____ RAW DATA

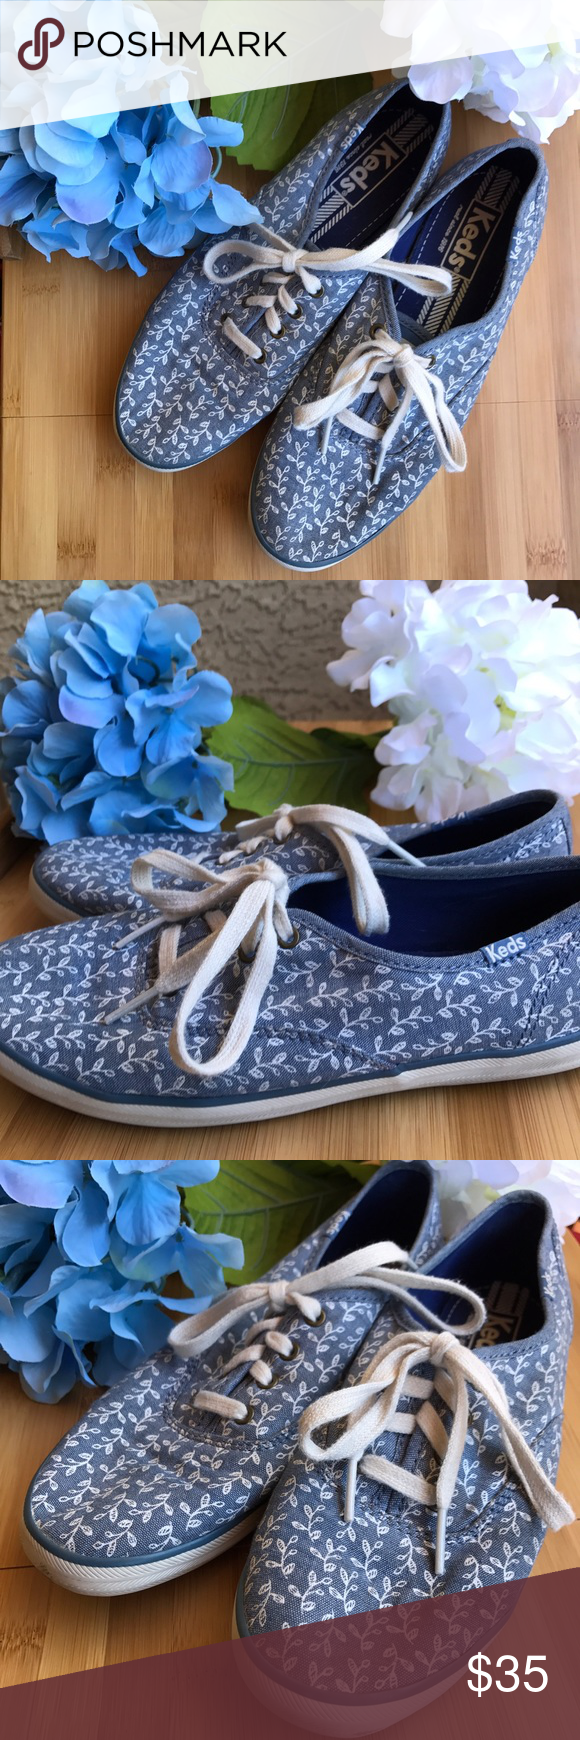 4f01d0ed38d2b Keds Blue Champion Botanical Leaves shoes Gorgeous like new Keds. Women s  Size 6. Beautiful
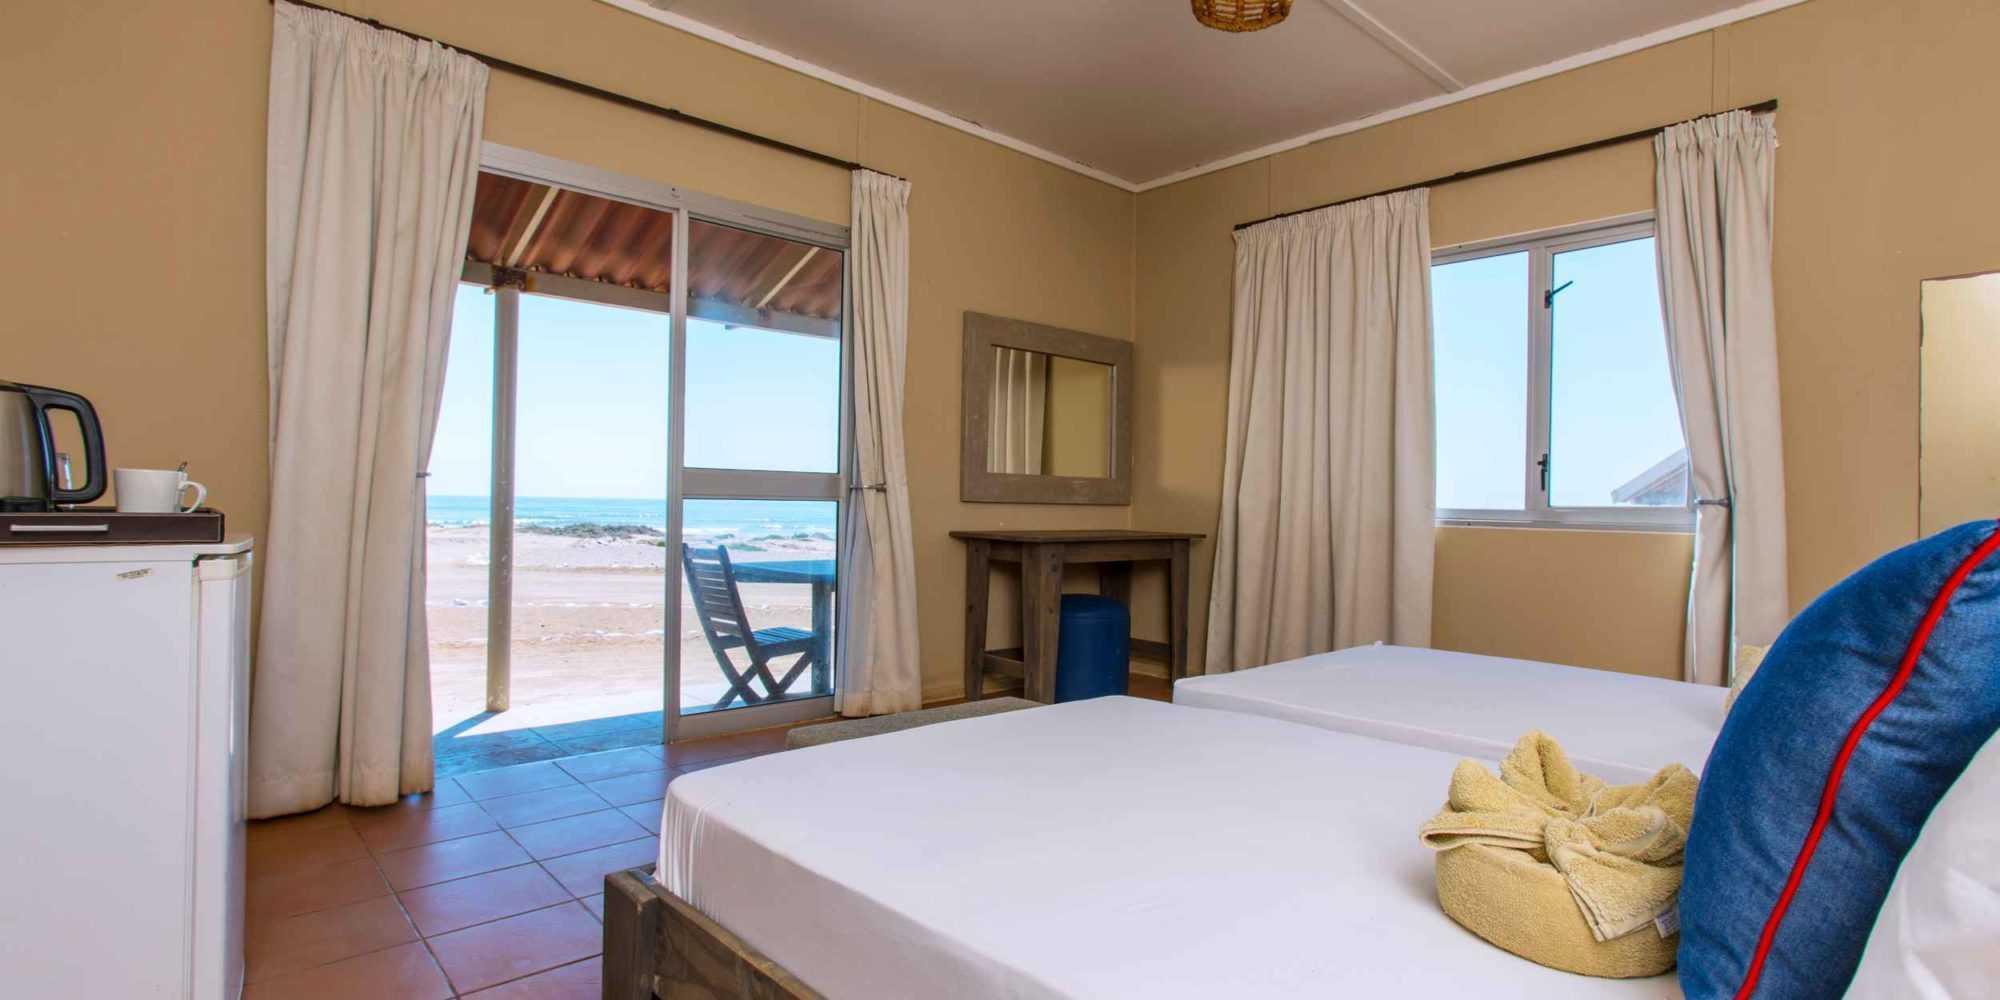 Terrace Bay Double Room 02 © NWR 2018
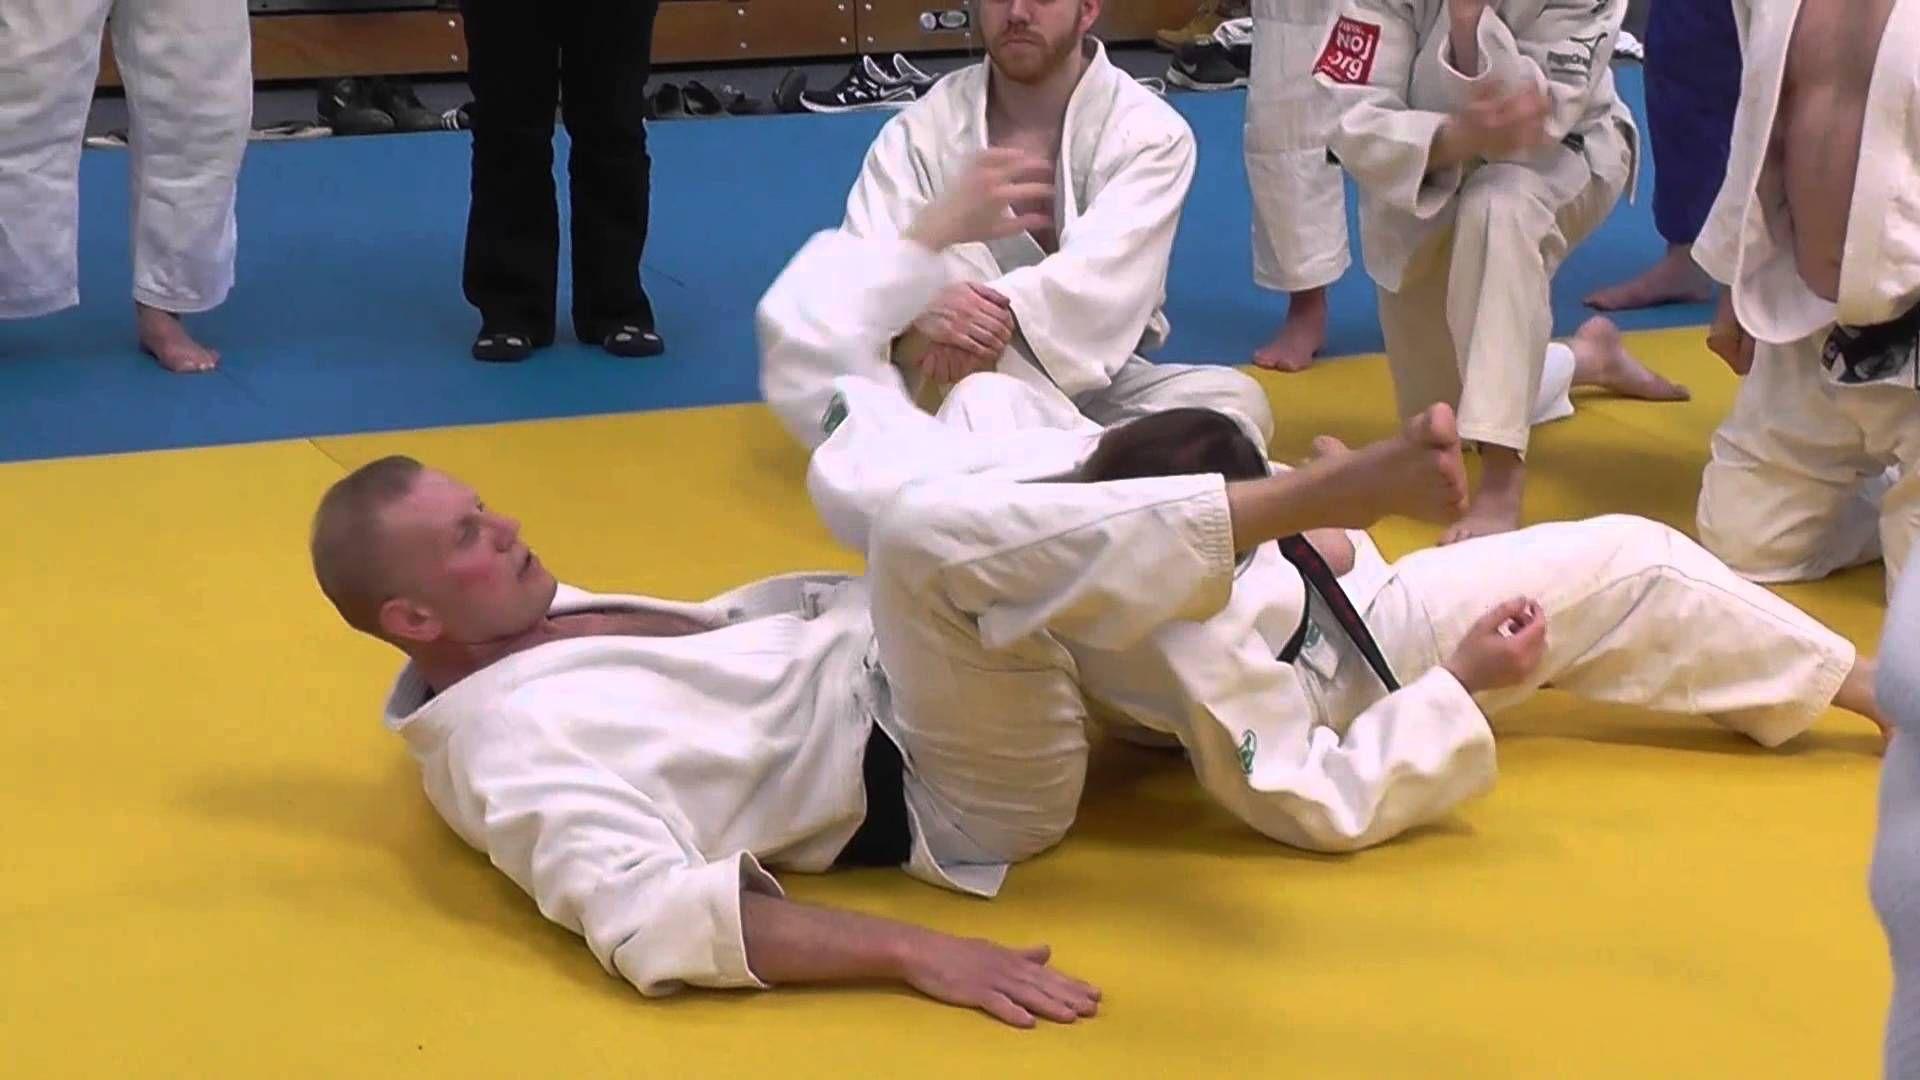 Judo jujigatame part 2 steve gawthorpe series 2 judo
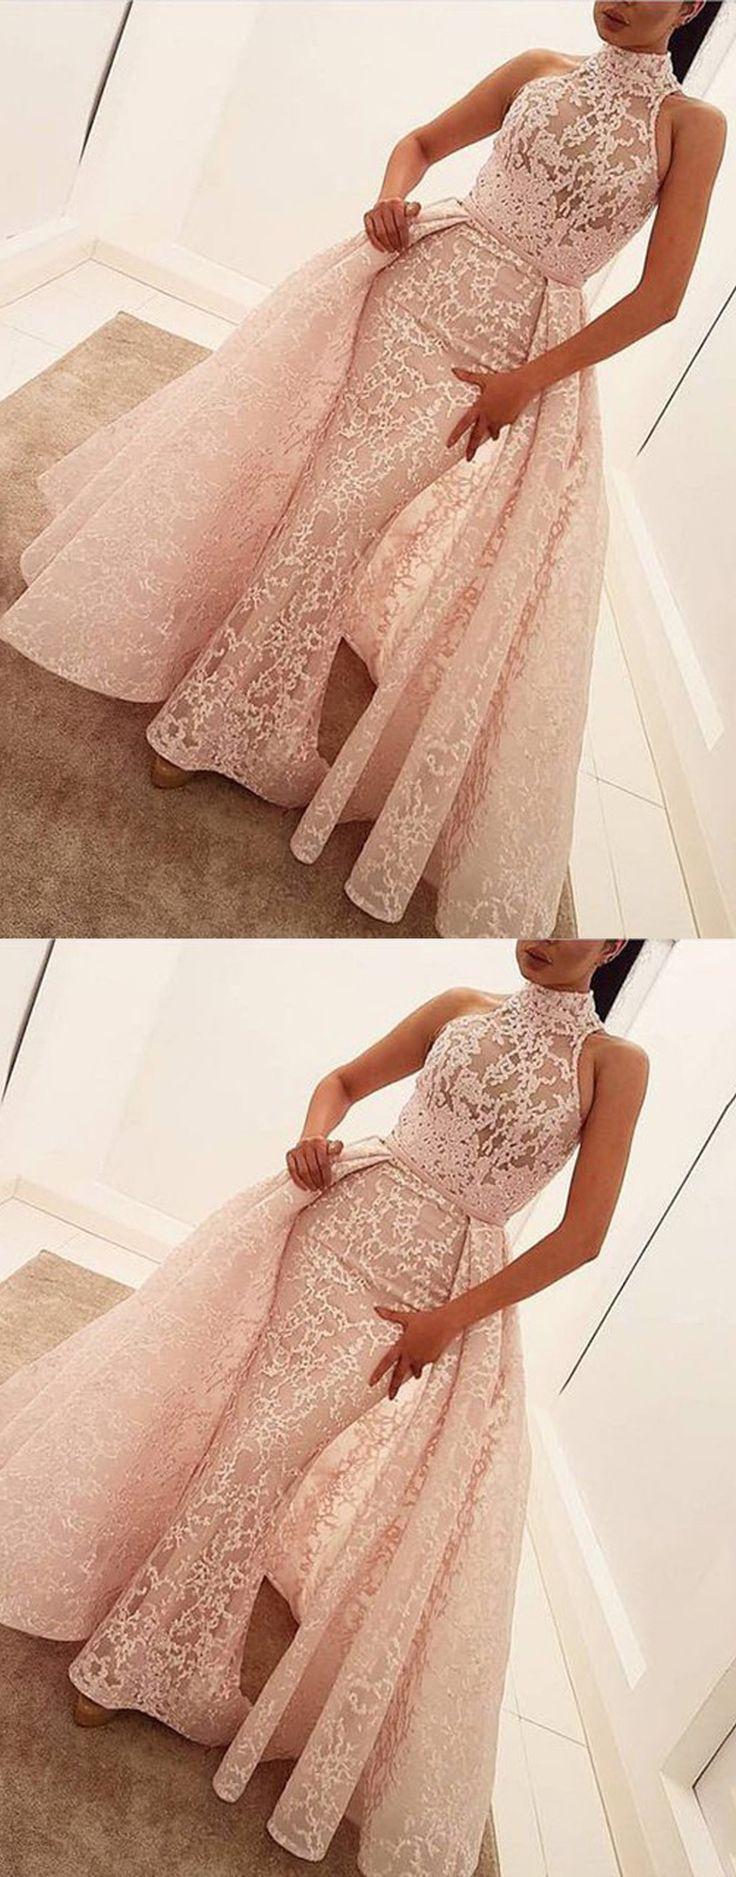 Mermaid Prom Dresses,High Neck Prom Dresses,Sweep Train Prom Dresses,Pearl Pink Prom Dresses,Lace Prom Dresses,Over skirt Prom Dresses,Prom Dresses 2017

________

● REQUIRED WORK
All of the data is to be reproduced exactly, with the pictures left out.

● WRITTEN ANSWER
 4f01d0ed38d2b Keds Blue Champion Botanical Leaves shoes Gorgeous like new Keds. Women s  Size 6. Beautiful
 Terrace Bay Double Room 02 © NWR 2018
 Judo jujigatame part 2 steve gawthorpe series 2 judo
 Mermaid Prom Dresses,High Neck Prom Dresses,Sweep Train Prom Dresses,Pearl Pink Prom Dresses,Lace Prom Dresses,Over skirt Prom Dresses,Prom Dresses 2017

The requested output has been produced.